La asiática sonríe de lado como única respuesta al comentario. La mujer obesa se los imagina abrazándose y le entran ganas de alegrarse con ellos. Está tranquila y lo agradece. La situación ha resultado ser, por así decirlo, terapéutica, por muy extraño que parezca. Permanece tan absorta en sus explicaciones que se olvida de su propia existencia y es agradable, por supuesto. No hay nada que odie más que su propia vida. Las cintas en brazos y piernas no son un problema para ella.

—La puerta chocó con el todoterreno del marido y saltaron chispas por todos lados. Parecían fuegos artificiales. Siempre me han gustado. Ella seguía avanzando con la mano atrás, la puerta pegada a su palma y el vehículo enlazado por el magnetismo. No parecía notar las cuatro toneladas que arrastraba, destrozando fuentes y árboles ornamentales, hasta que entró en la casa y se soltaron con un restallido metálico. Estaba en su casa del campo y buscaba al marido.

En ese momento, detiene su exposición y rodea la cintura de la amputada con sus bracitos. Apoya la oreja en su vientre y cierra los ojos.

La mujer soporta la tensión de la escucha sin luchar. No merece la pena porque no puede cambiar nada. Su bebé murió, mató a su marido y no hay futuro que le interese. Le gustaría morirse pero no puede comunicárselo al pequeño que parece empeñado en retenerla contra su voluntad. ¿De qué le sirvió toda su fuerza? Siempre supo que cualquier esfuerzo por conseguir algo por ella misma estaría abocado al fracaso. Era una inútil y por eso necesitó de su padre al principio y de su marido después. Se rebeló contra ese orden natural de las cosas y terminó matando a su hija. Debería haber hecho caso a su madre. Debería haberse conformado.

—¿También me seguiste a mí? —pregunta el volador. Les hubiese detectado. Desde allá arriba el mundo se veía mucho mejor. La conformación de las calles, el circular de los vehículos bailando con los semáforos, estructuras que a ras de suelo nunca creyó que existieran. Y la muerte al final, recordó. Quizá el ser humano no estaba diseñado para volar.

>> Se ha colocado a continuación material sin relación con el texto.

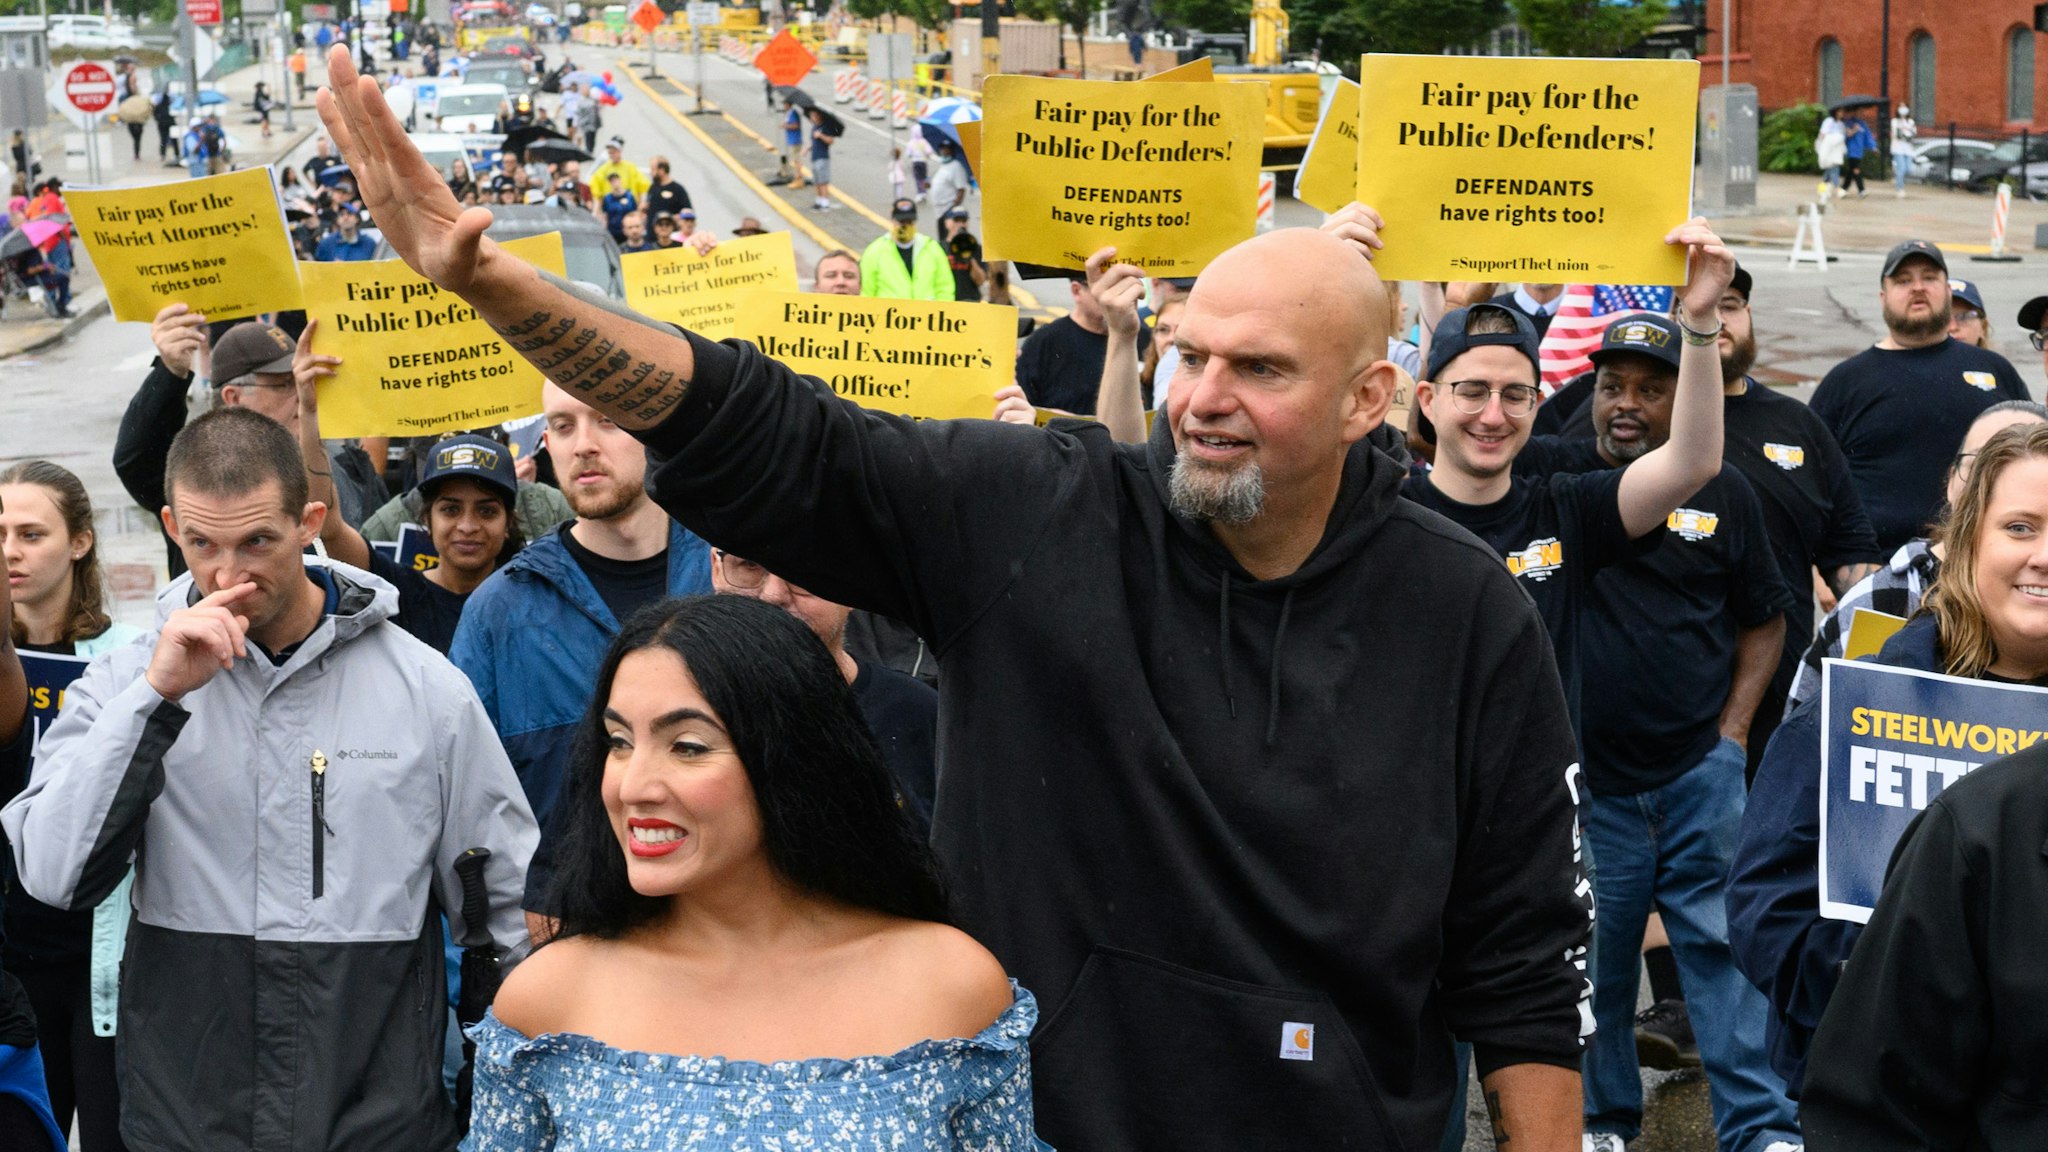 John Fetterman, lieutenant governor of Pennsylvania and Democratic senate candidate, center, and his wife Gisele Fetterman, center left, walk with the United Steelworkers District 10 union during a Labor Day parade in Pittsburgh, Pennsylvania, US, on Monday, Sept. 5, 2022. Pennsylvania is holding a number of high-profile election contests, including the open Senate seat race that is pitting Fetterman against Republican Mehmet Oz.
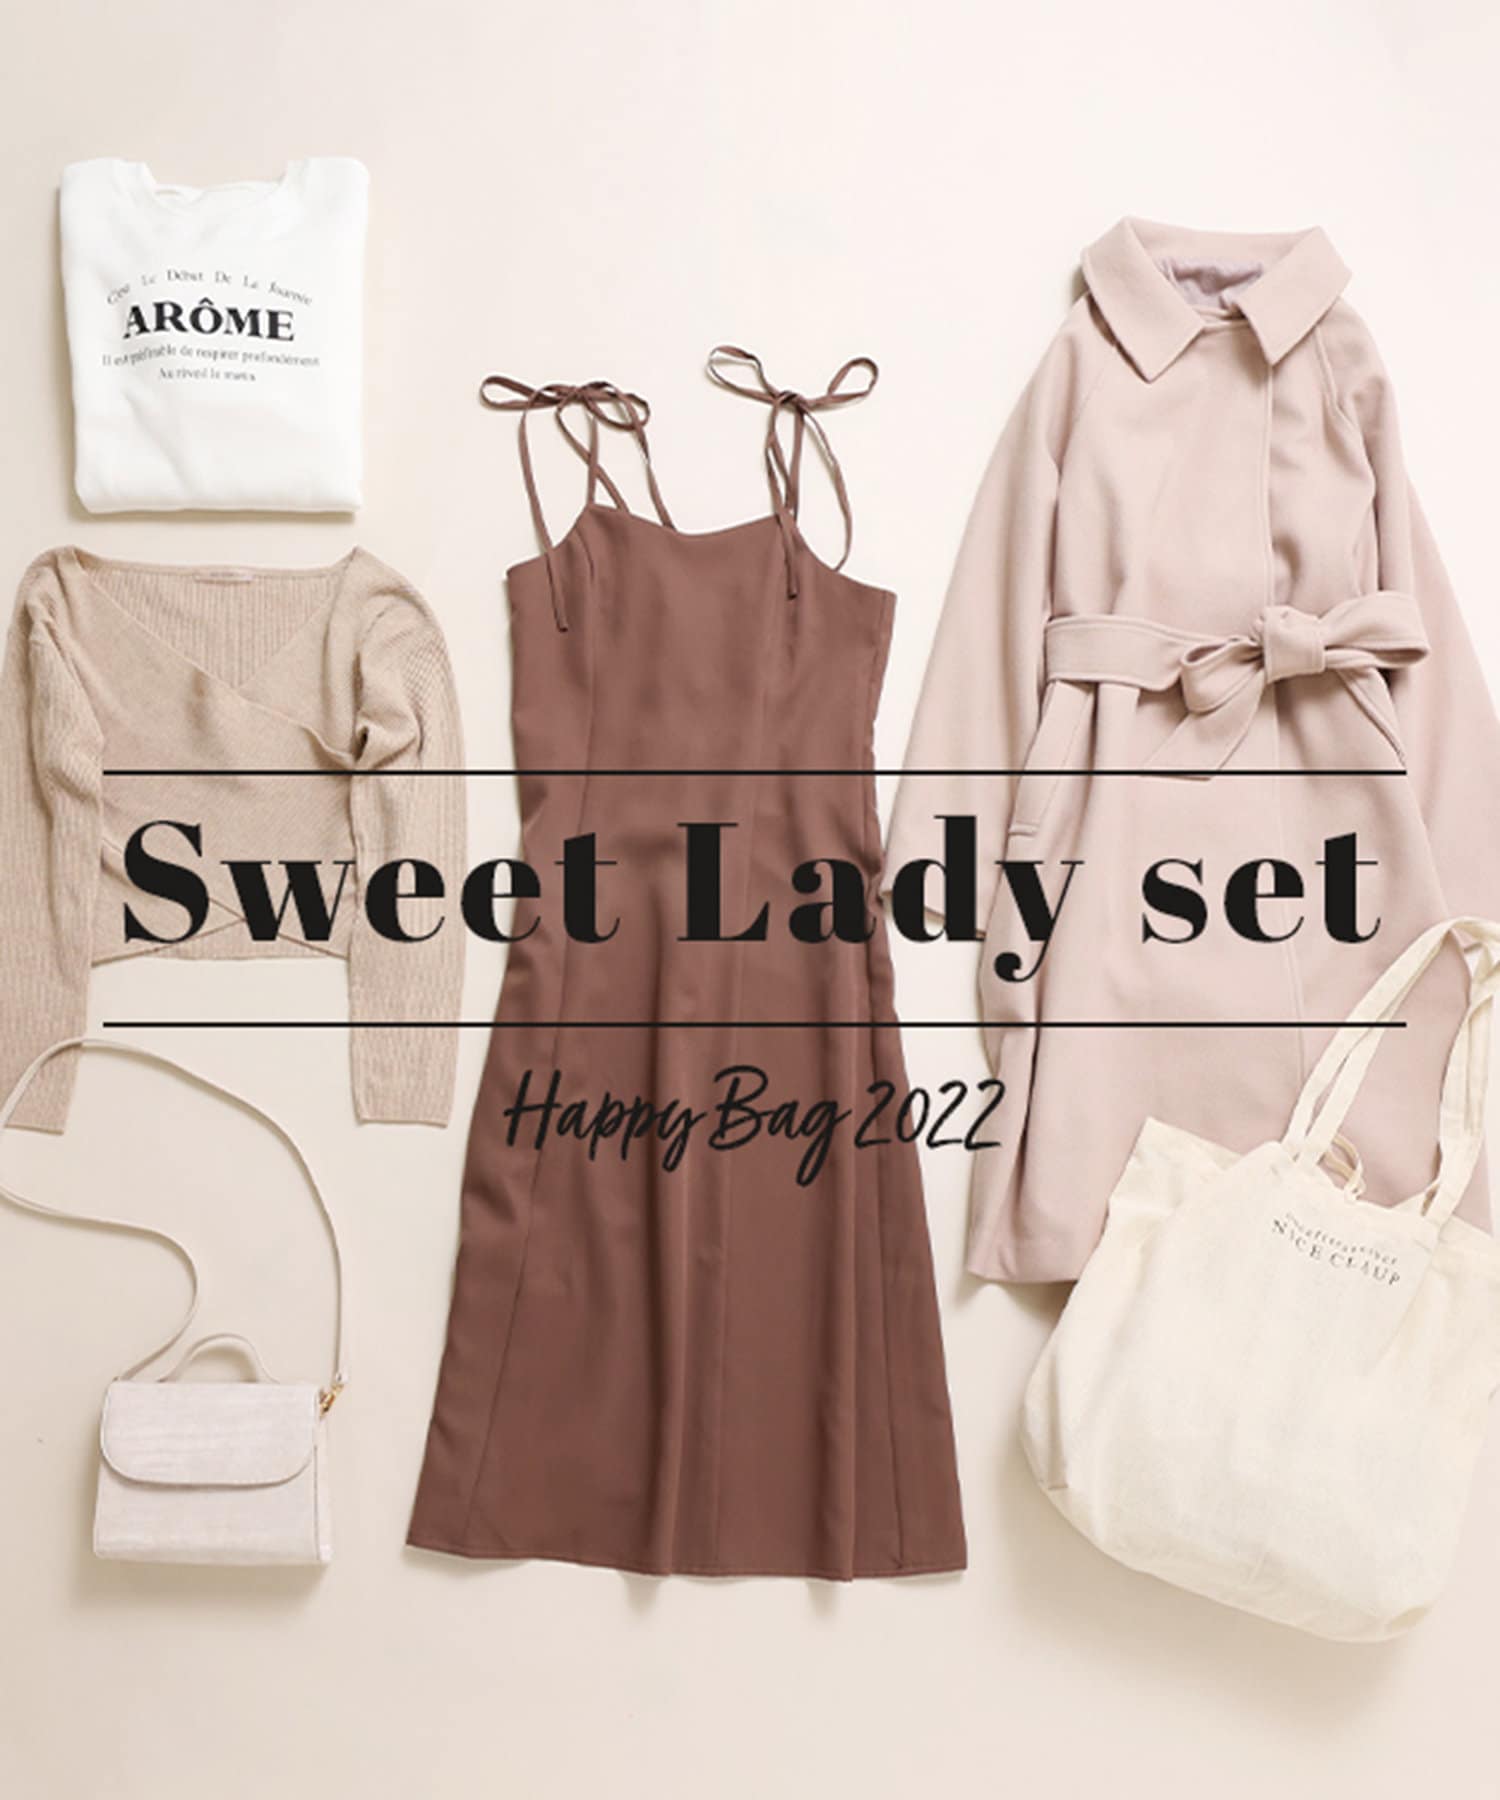 Happy bag】Sweet Lady Set | one after another NICE CLAUP(ワンアフターアナザー  ナイスクラップ)レディース | PAL CLOSET(パルクローゼット) - パルグループ公式ファッション通販サイト

—Era cuestión de encontrar el punto exacto y situarse en él.

—¿Qué punto?

No obtuvo respuesta. El niño se dedicó unos segundos a mirarse las uñas, valorando si continuar la carnicería o dejarlas crecer un poco para que el placer fuera mayor. La voz del hombre de rojo le sacó de su ensimismamiento.

—A mi no me engañas. Creo que eres un demente, que este numerito que has montado con nosotros demuestra que estás como una regadera. ¿Llamamos a tu mamá? Debería darte unos azotes por impertinente.

Los ojos del pequeño se afinan como dos grietas oscuras.

—Nadie en este mundo merece ser mi madre —cada sílaba es un restallido—. Eres patético. Todas tus palabras, tus actitudes, demuestran que no has vivido ni un solo minuto de tu vida como una persona autónoma. Eres un calco lamentable de mil guiones de películas, de esos bestsellers que te comprabas para vivir una vida que no tenías, de las películas porno que tanto te gustan en las que las mujeres que nunca tuviste follan a hombres dotados de miembros que tú sueñas tener.

El hombre se queda con la boca abierta, sabiéndose descrito en trece segundos.

—Pero hay más como tú, no sufras. Basta con asomarse a internet y verás cientos de miles, representados por avatares con los que disfrazan su mediocridad, poblando la red, compartiendo en foros y chats, participando en comunidades de intereses y dormitorios solitarios que hieden a pañuelos de papel húmedos de semen. Voy a contar tu historia. Y cuando acabe jugaremos a las adivinanzas. Averiguaremos quién es más demente.

El hombre de rojo traga saliva. El niño habla.